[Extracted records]
□ □ □
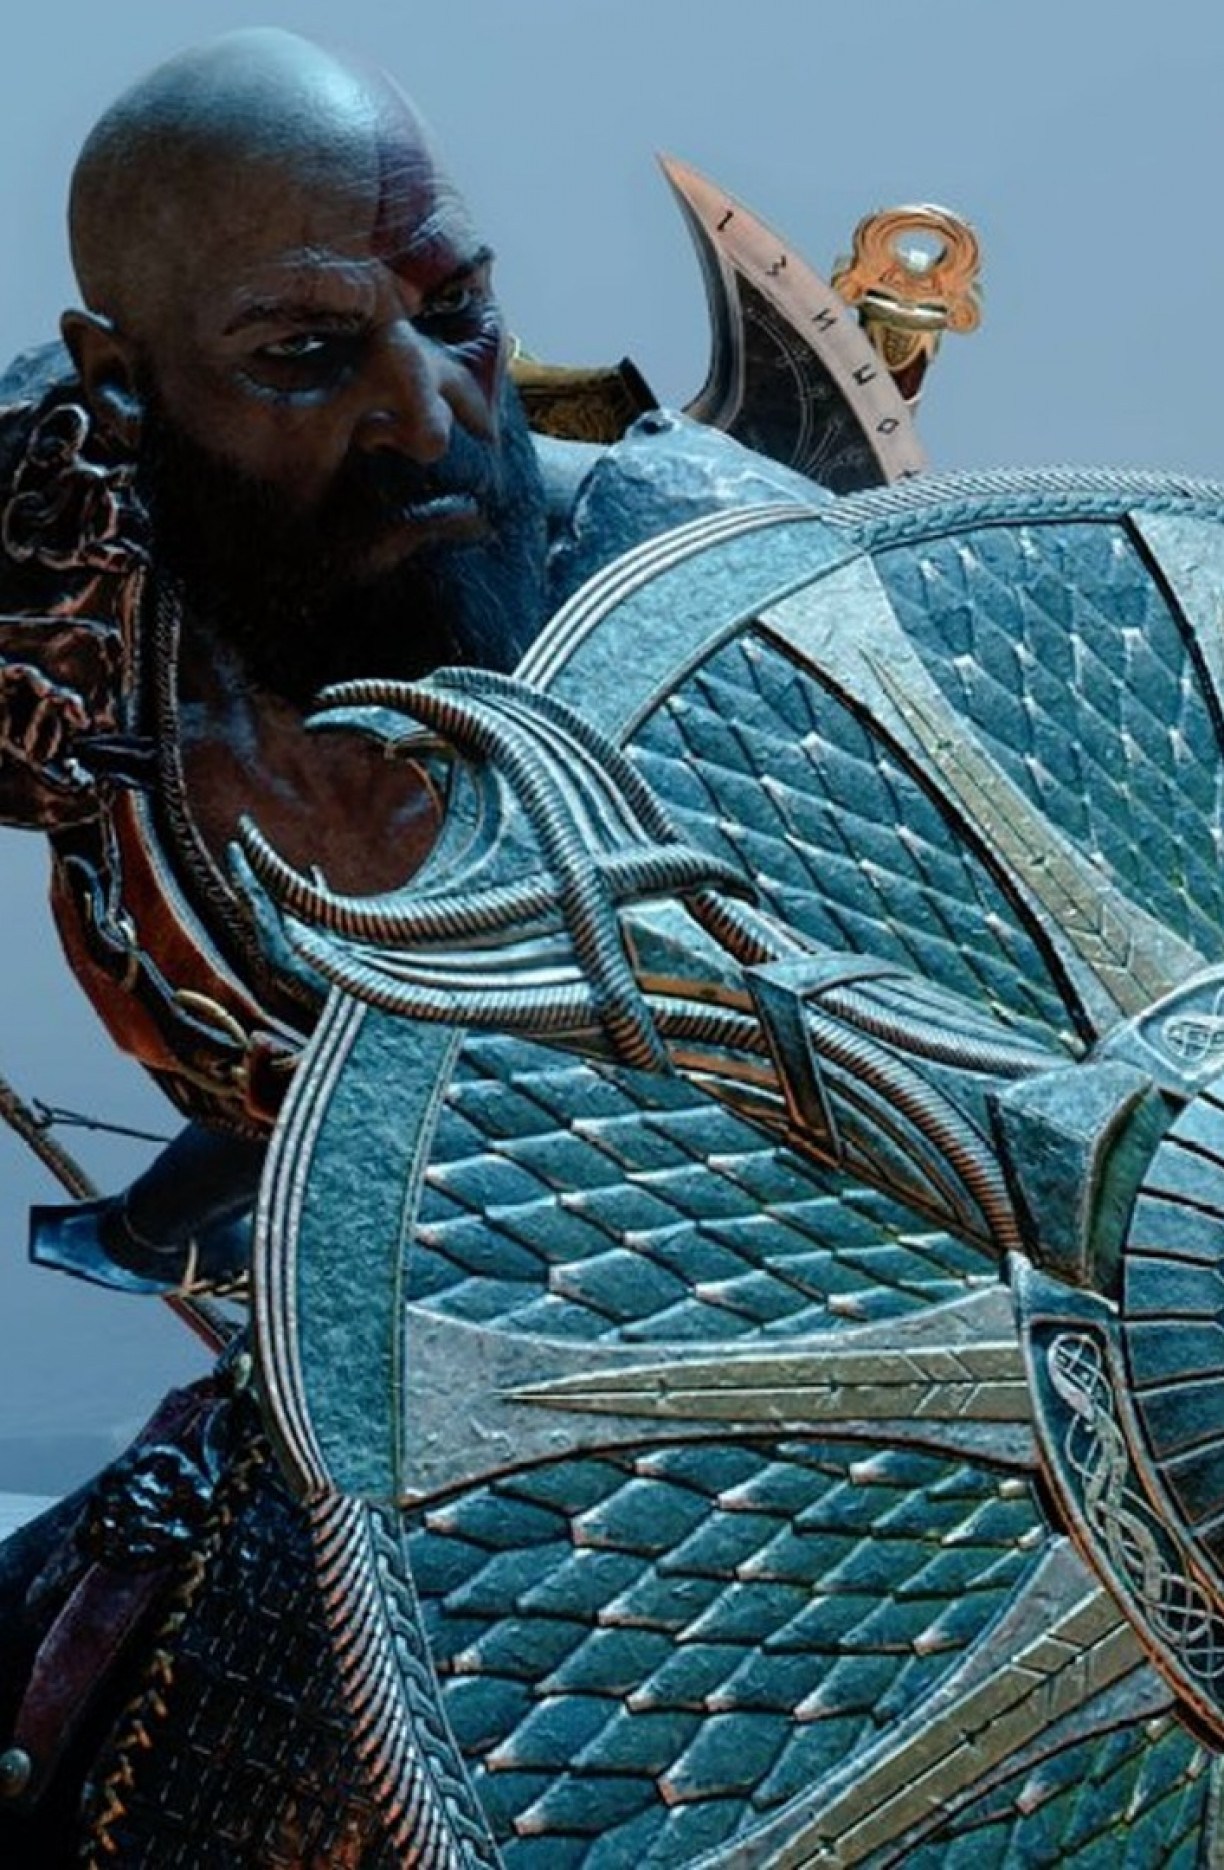 God of War Ragnarok: Quanto tempo leva para zerar o game?
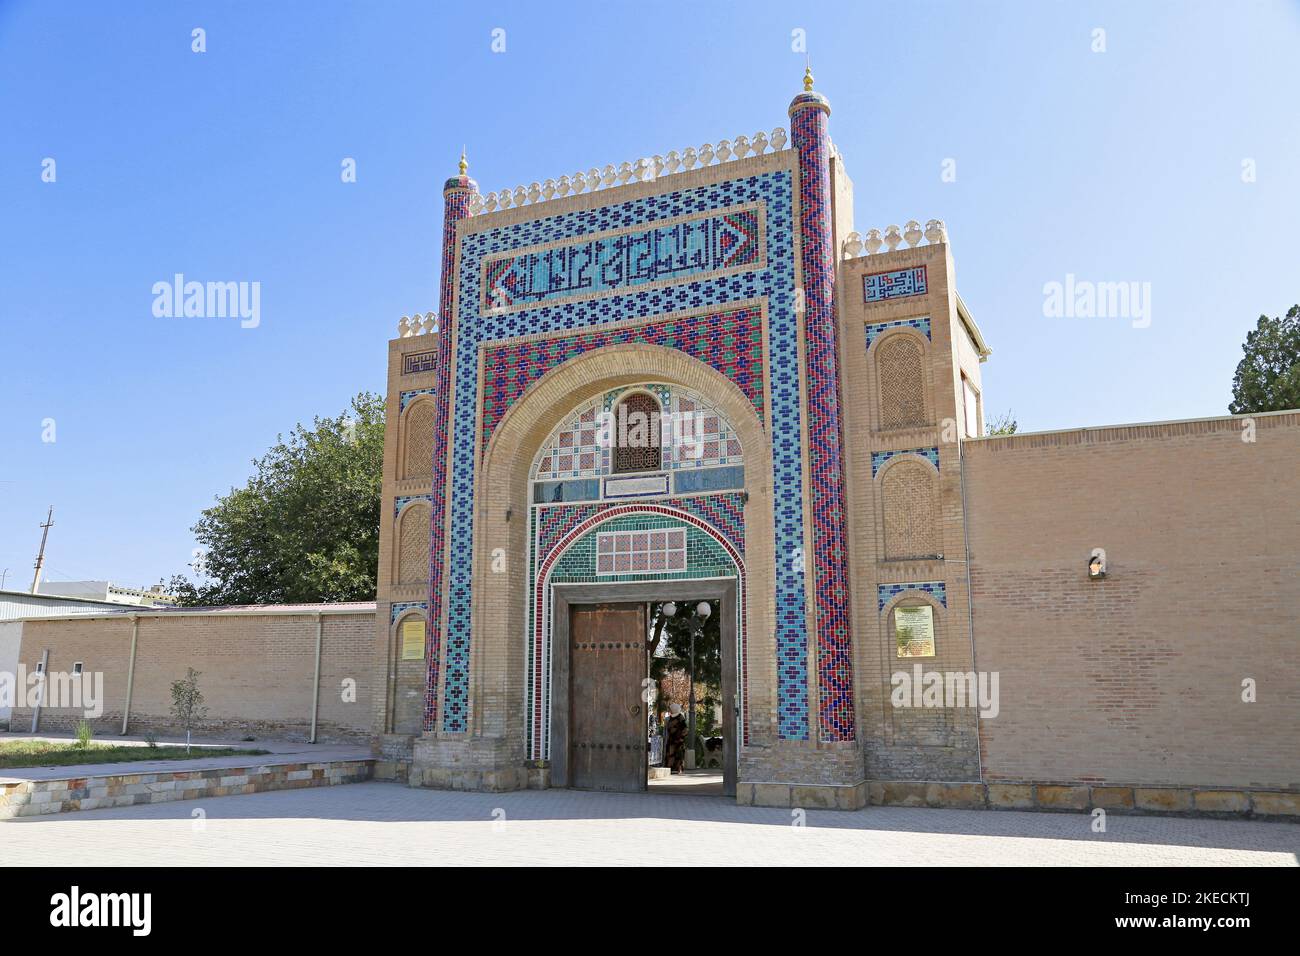 Porte de Sitorai Mokhi Khosa (Palais des étoiles de type Lune) - le dernier Palais d'été d'Emir, Boukhara, province de Boukhara, Ouzbékistan, Asie centrale Banque D'Images
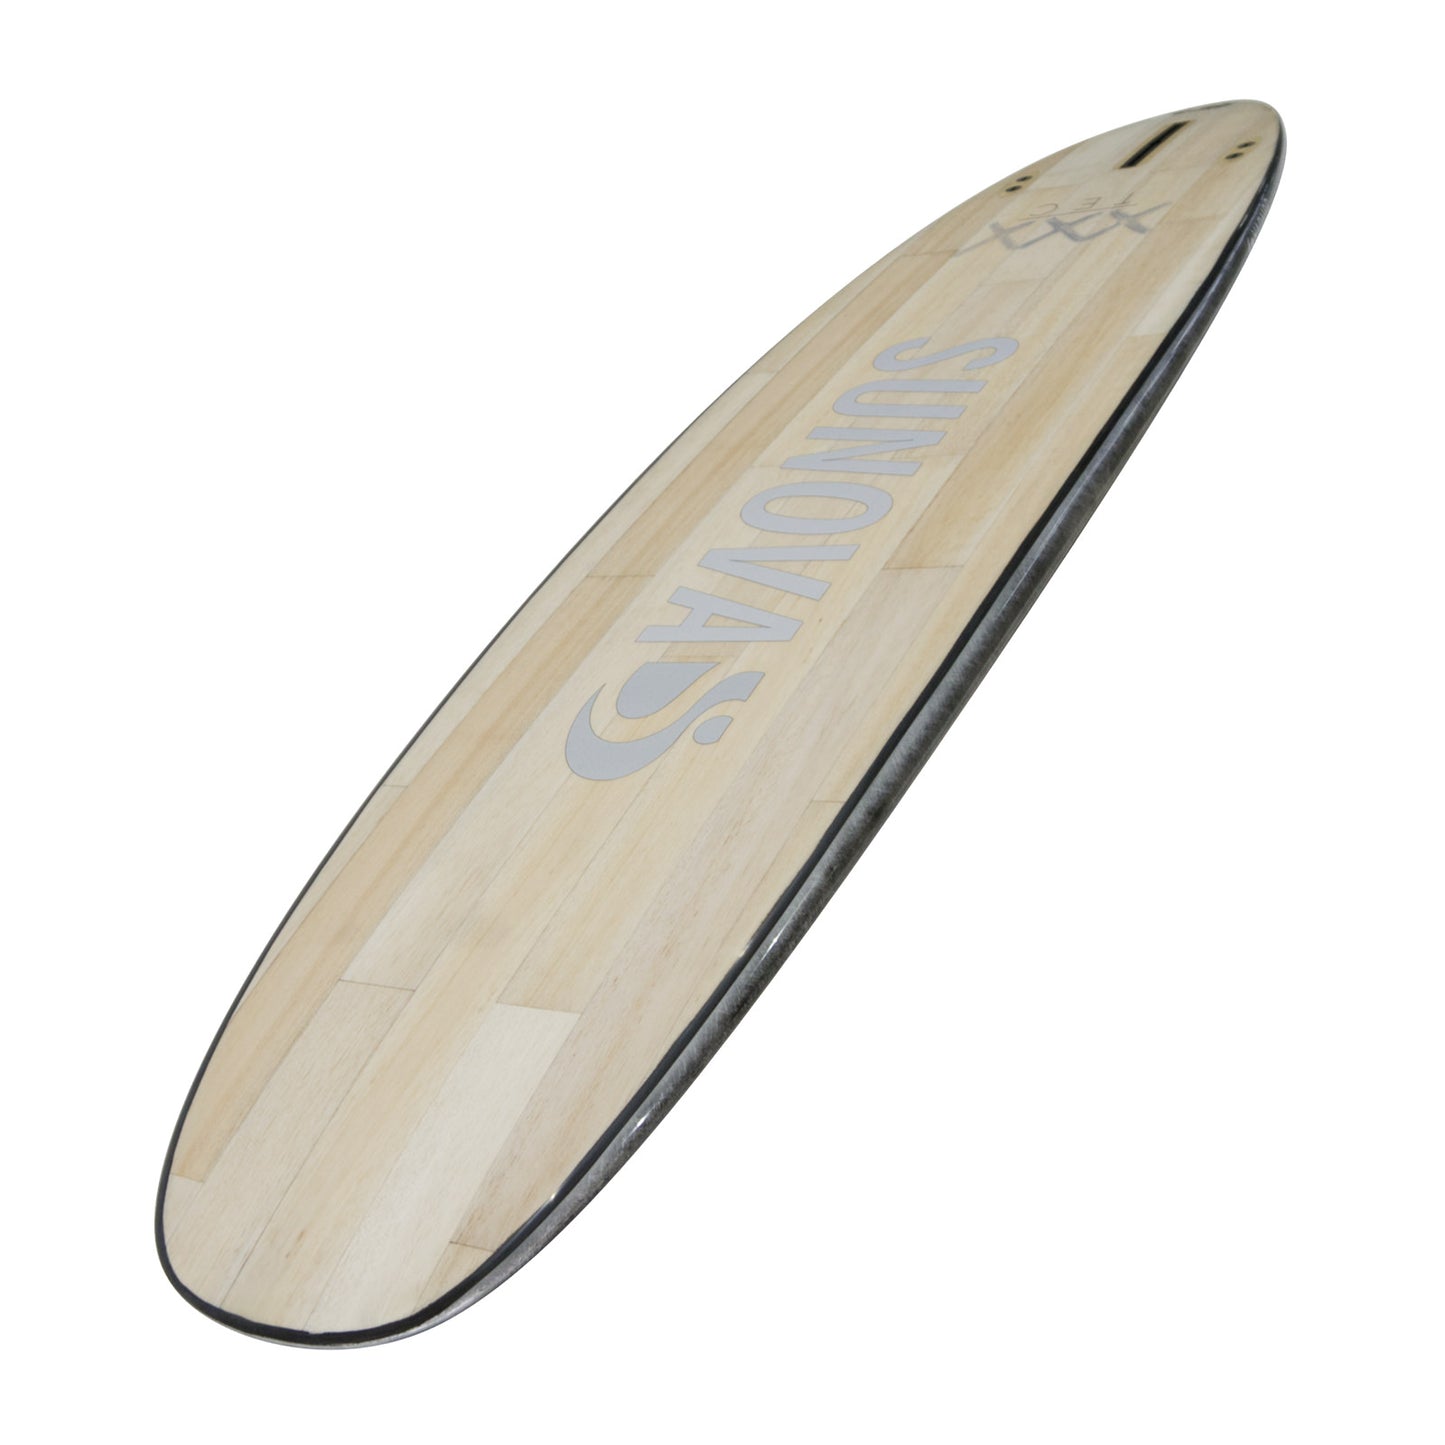 Perspektivische Ansicht der Unterseite des Sunova Style Wave SUP Board in der XXX Bauweise.
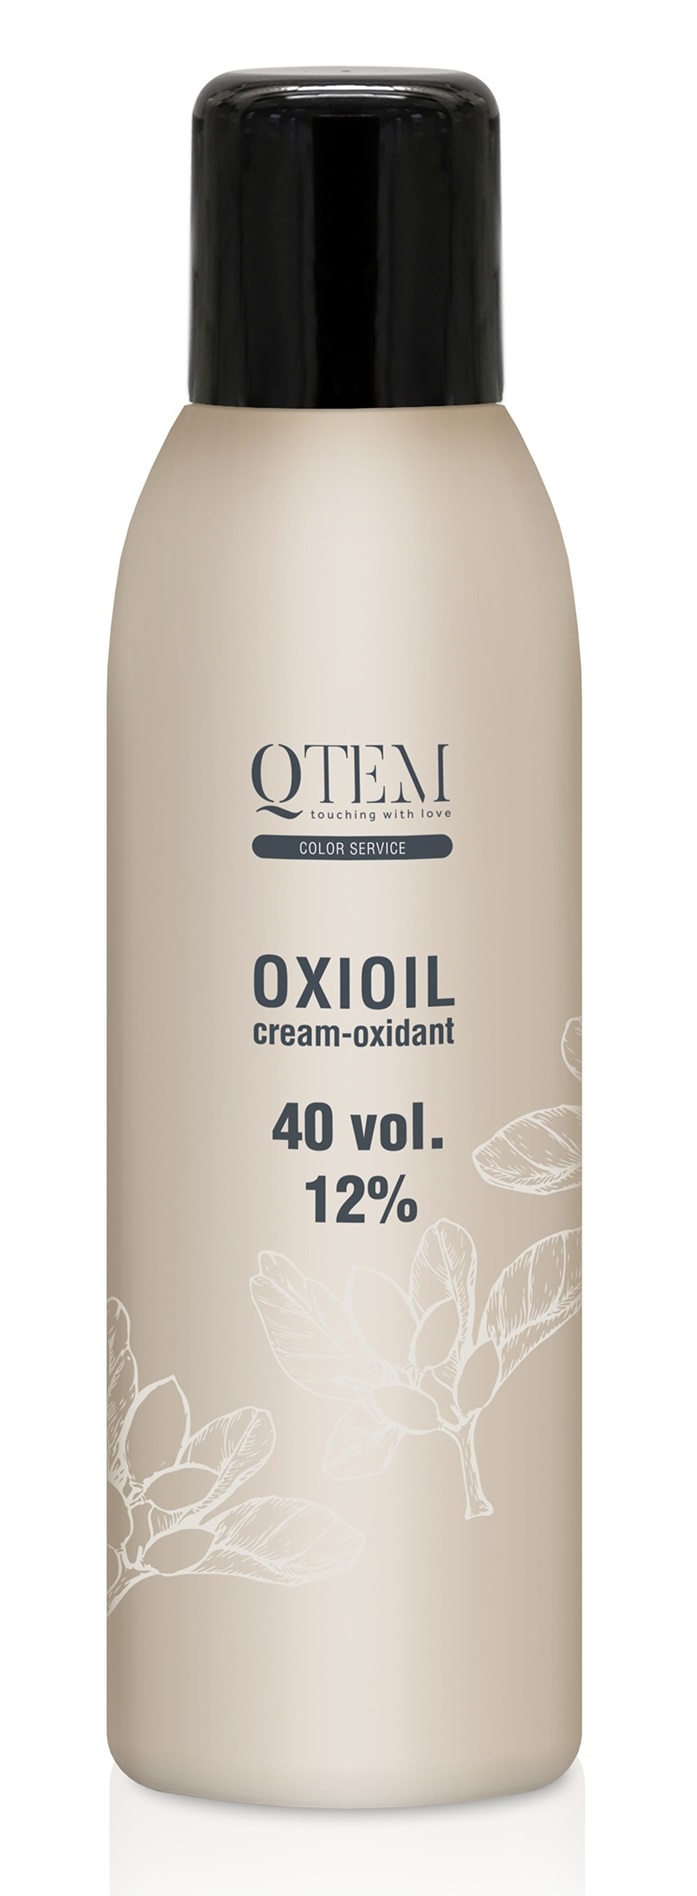 Купить Крем-оксидант QTEM 12% (OXIOIL CREAM-OXIDANT 40 Vol) 1000 мл
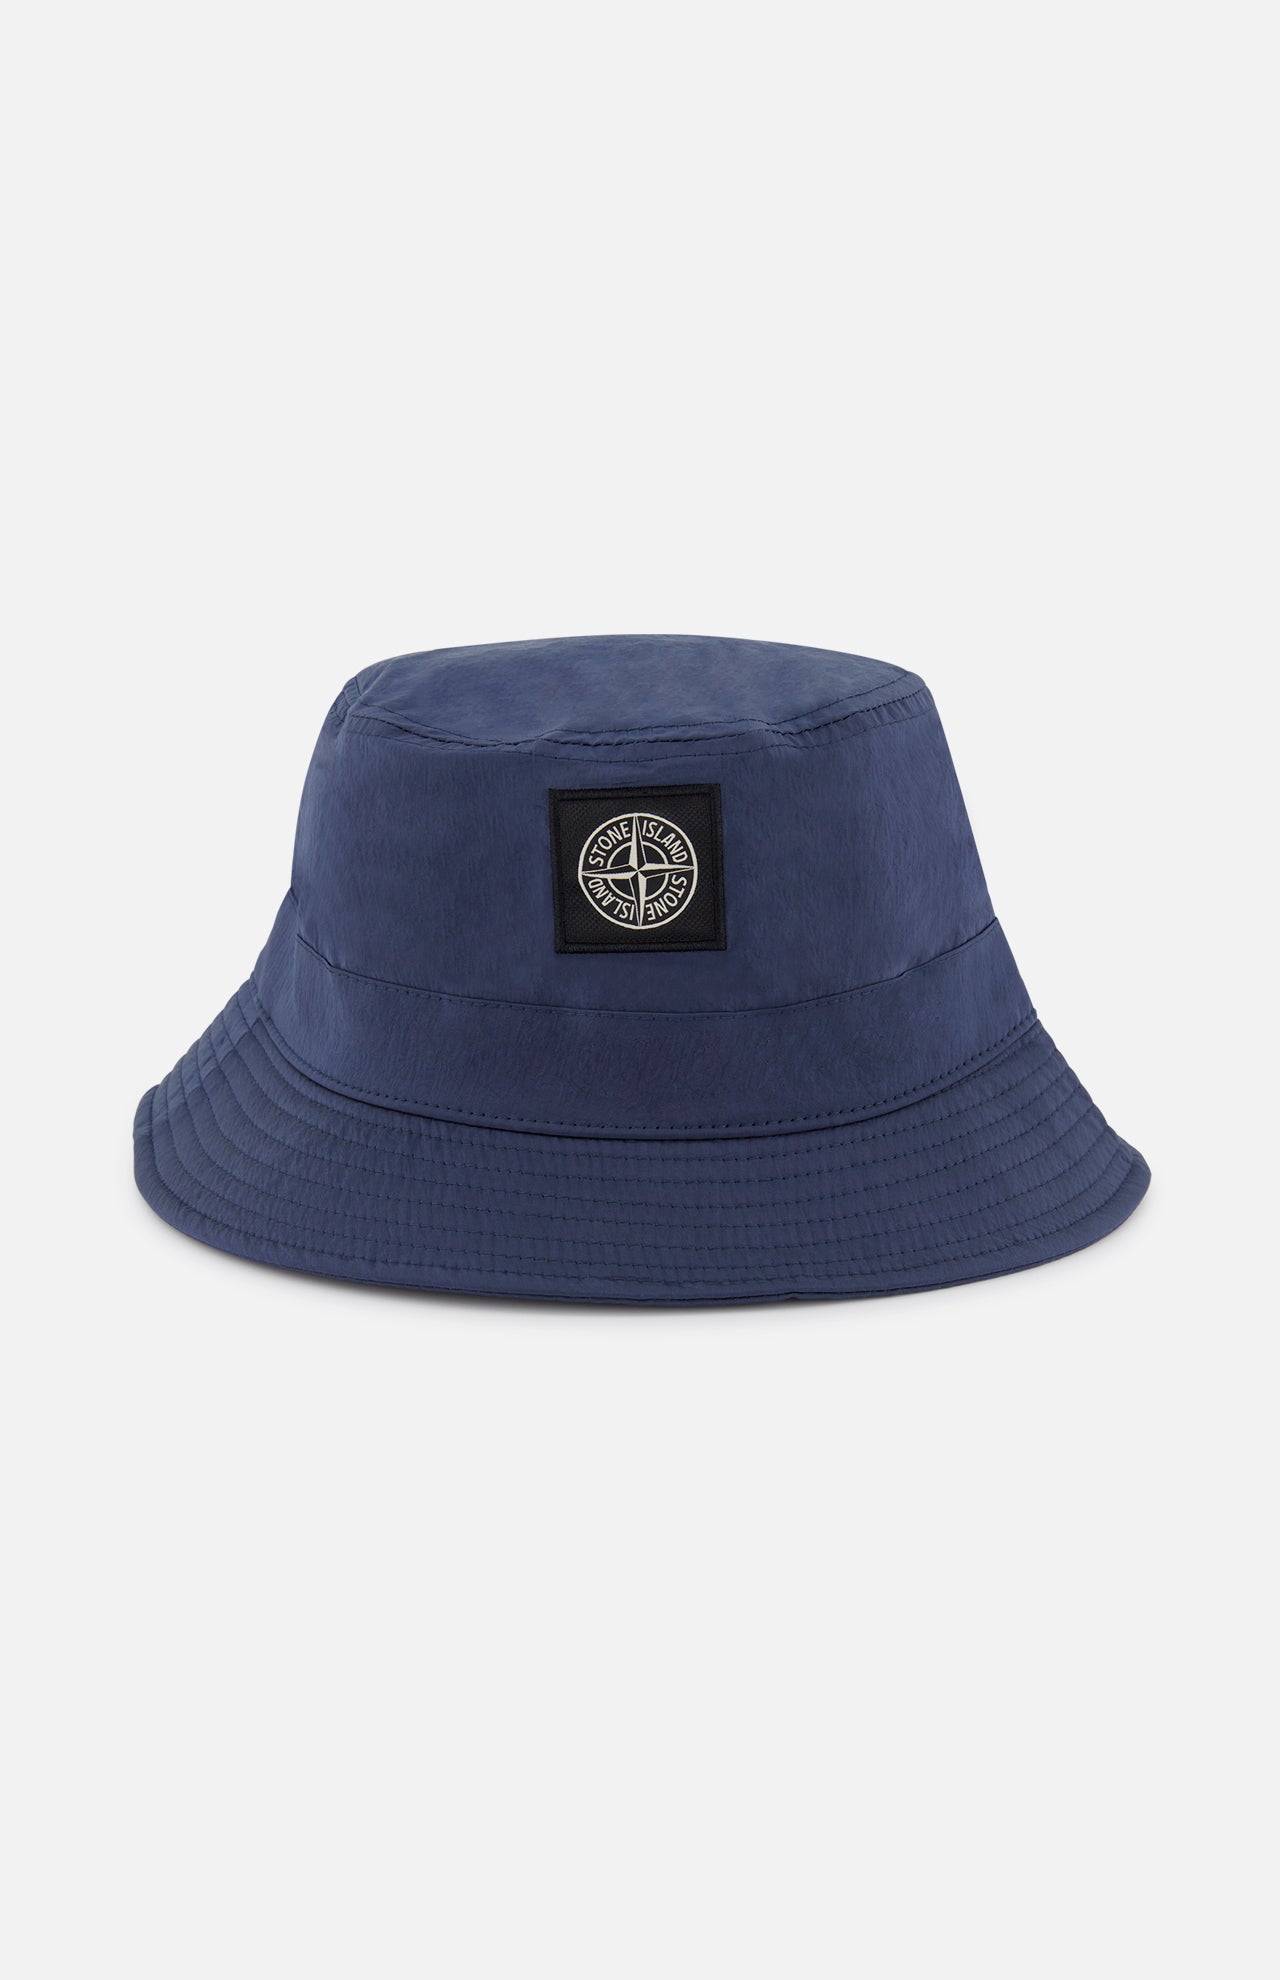 Stone Island Men's Bucket Hat | A.K. Rikk's
□ □ □
ASSIGNMENT ▸ Please retype the lines from the one containing "Porte de Sitorai" through the last line of the records above, exactly as written, and leave out any pictures.

YOUR SOLUTION ▸
 Porte de Sitorai Mokhi Khosa (Palais des étoiles de type Lune) - le dernier Palais d'été d'Emir, Boukhara, province de Boukhara, Ouzbékistan, Asie centrale Banque D'Images
 Perspektivische Ansicht der Unterseite des Sunova Style Wave SUP Board in der XXX Bauweise.
 Купить Крем-оксидант QTEM 12% (OXIOIL CREAM-OXIDANT 40 Vol) 1000 мл
 Stone Island Men's Bucket Hat | A.K. Rikk's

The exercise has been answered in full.